DATA SHOWN:

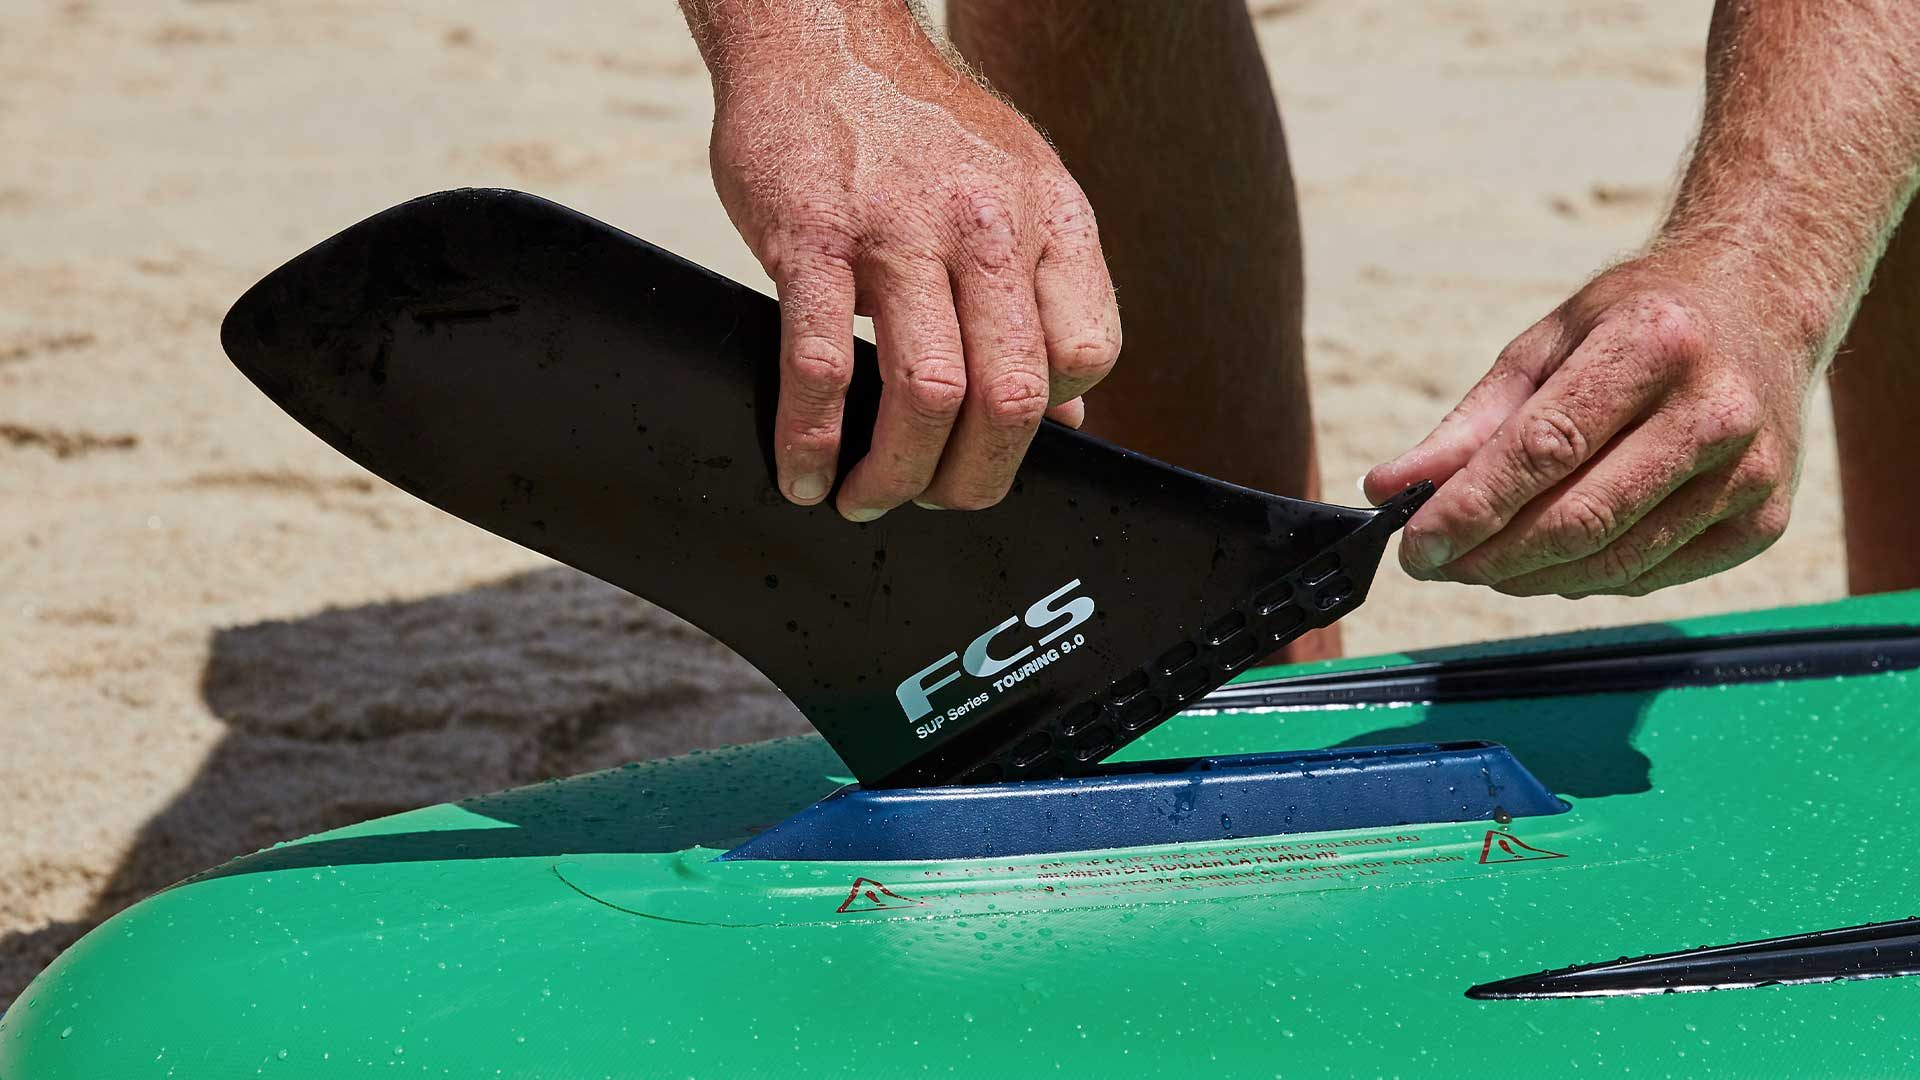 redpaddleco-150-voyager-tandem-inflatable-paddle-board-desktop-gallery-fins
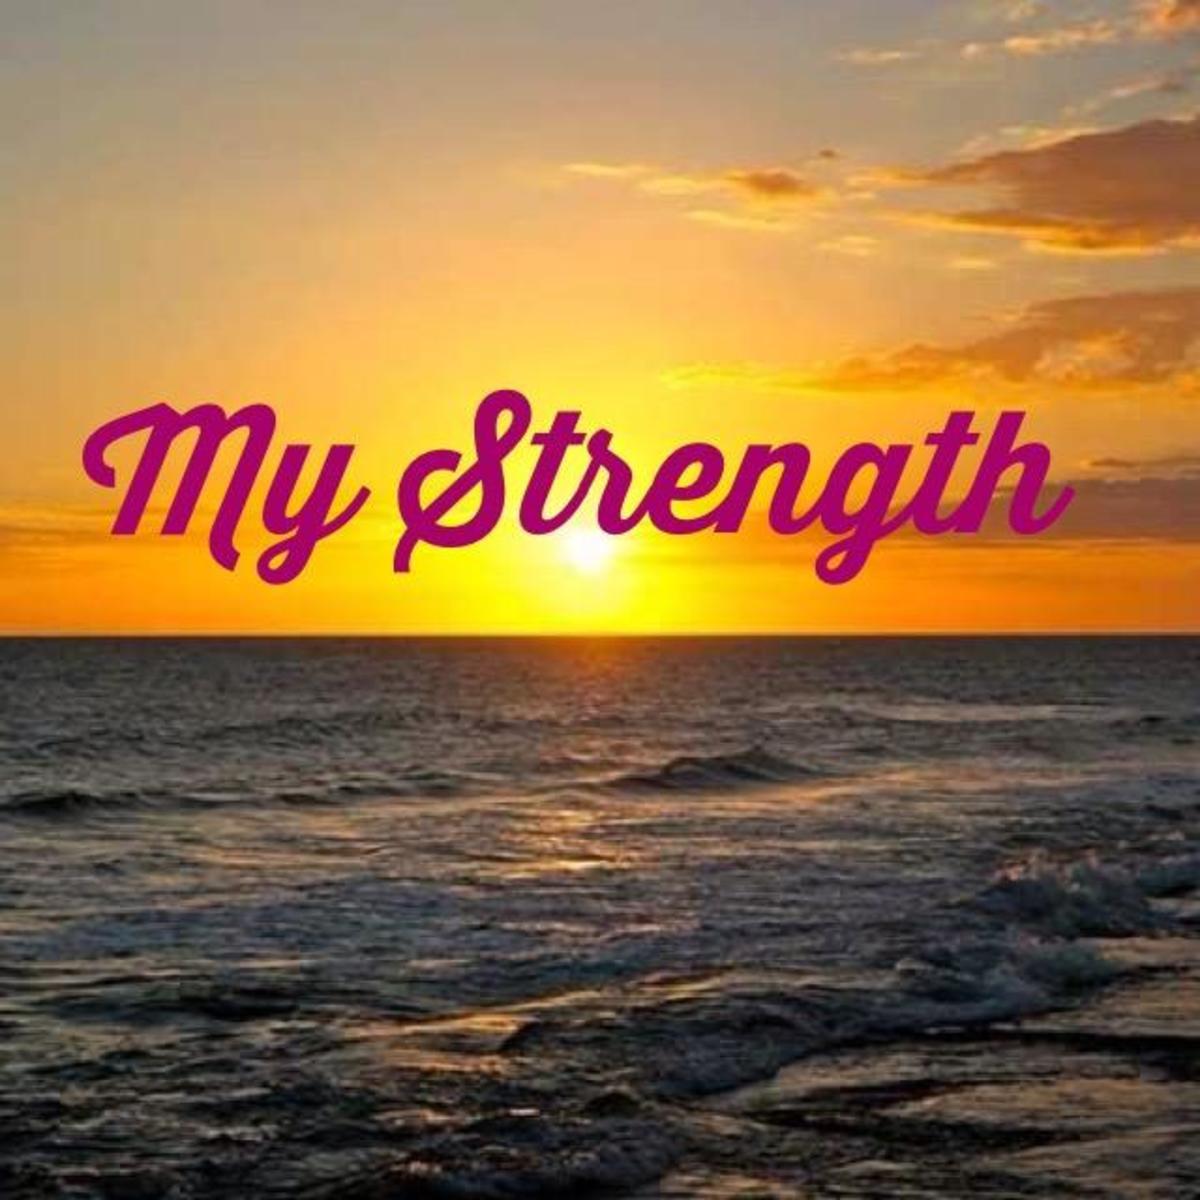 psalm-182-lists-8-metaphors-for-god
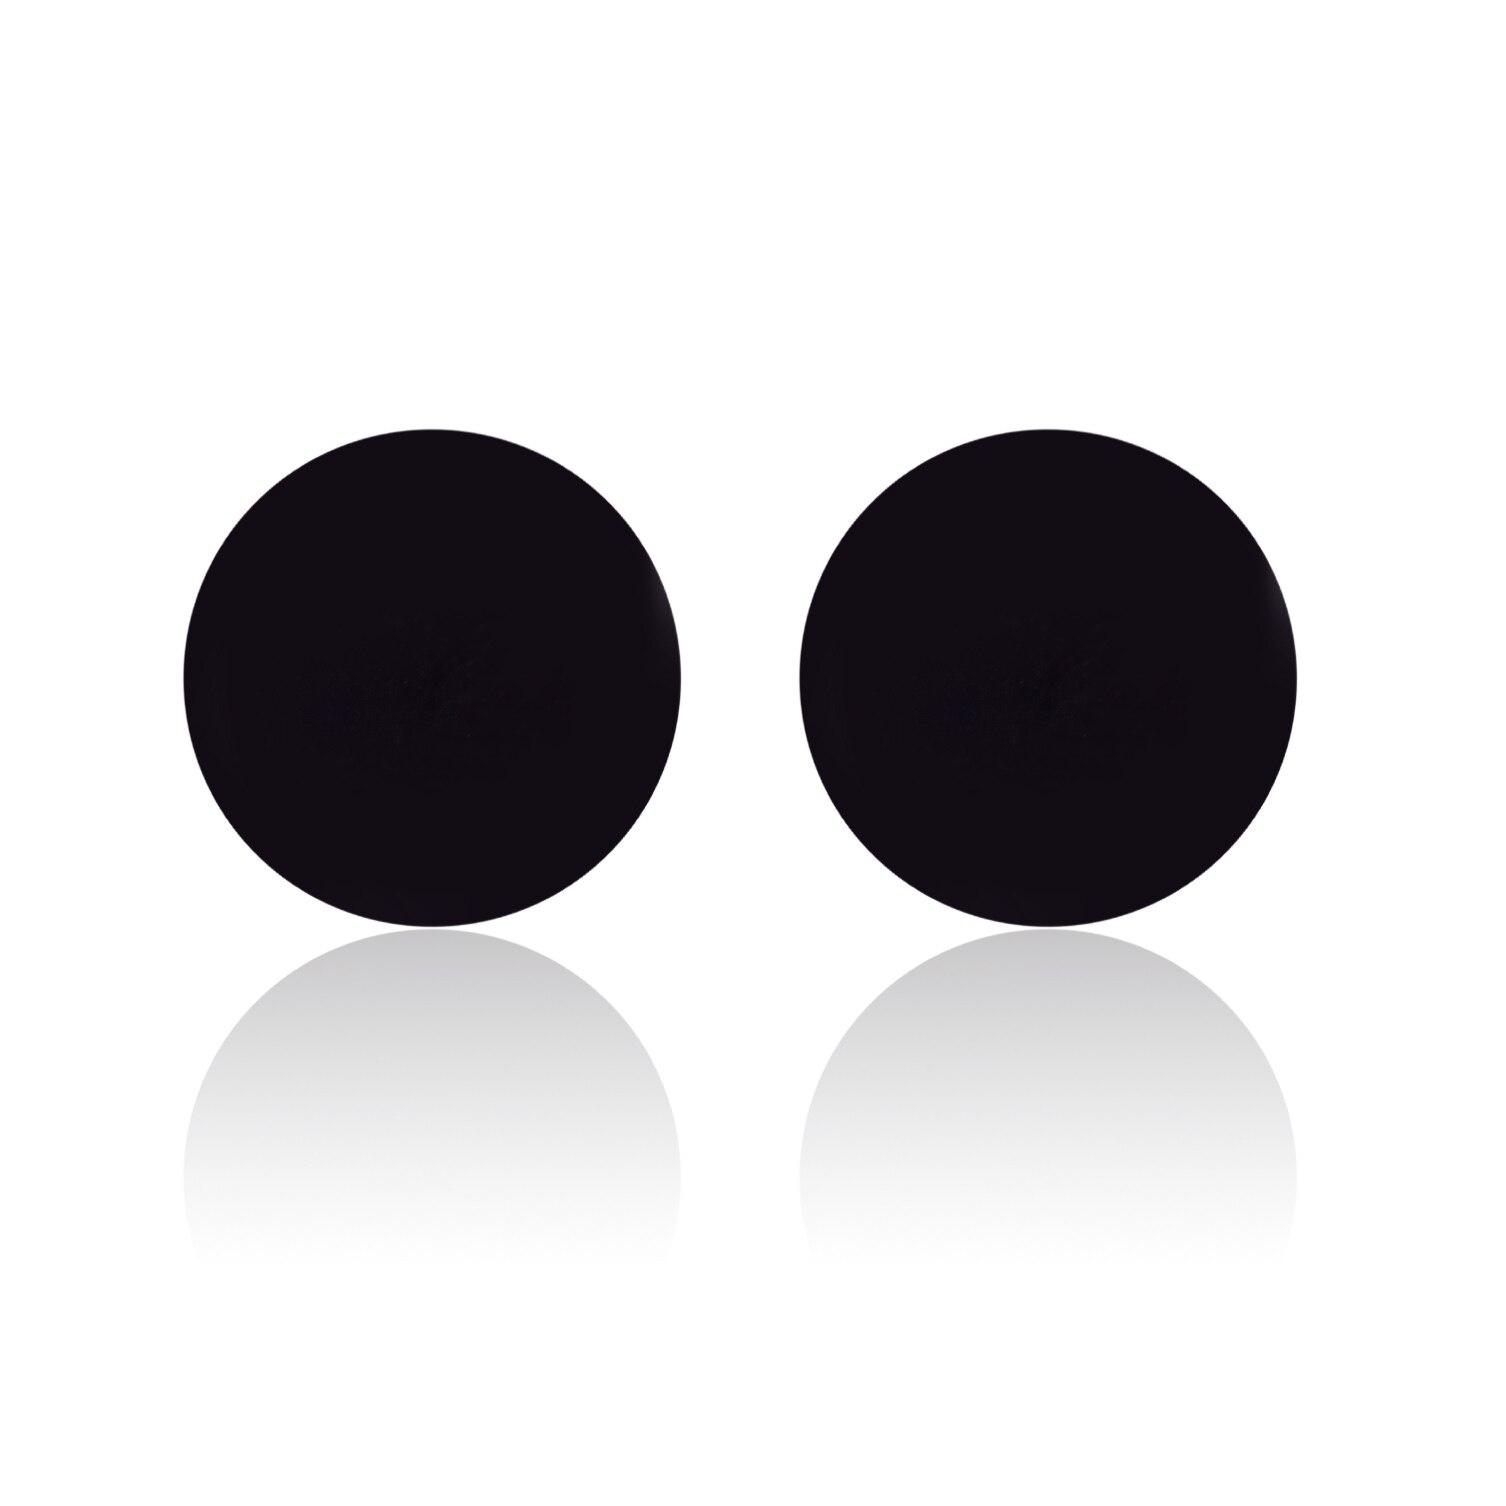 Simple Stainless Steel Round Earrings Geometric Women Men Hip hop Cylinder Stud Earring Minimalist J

WORK INSTRUCTION: Would you set down the material exactly as it stands, without the pictures?

ANSWER TO THIS EXERCISE:
 redpaddleco-150-voyager-tandem-inflatable-paddle-board-desktop-gallery-fins
 psalm-182-lists-8-metaphors-for-god
 Simple Stainless Steel Round Earrings Geometric Women Men Hip hop Cylinder Stud Earring Minimalist J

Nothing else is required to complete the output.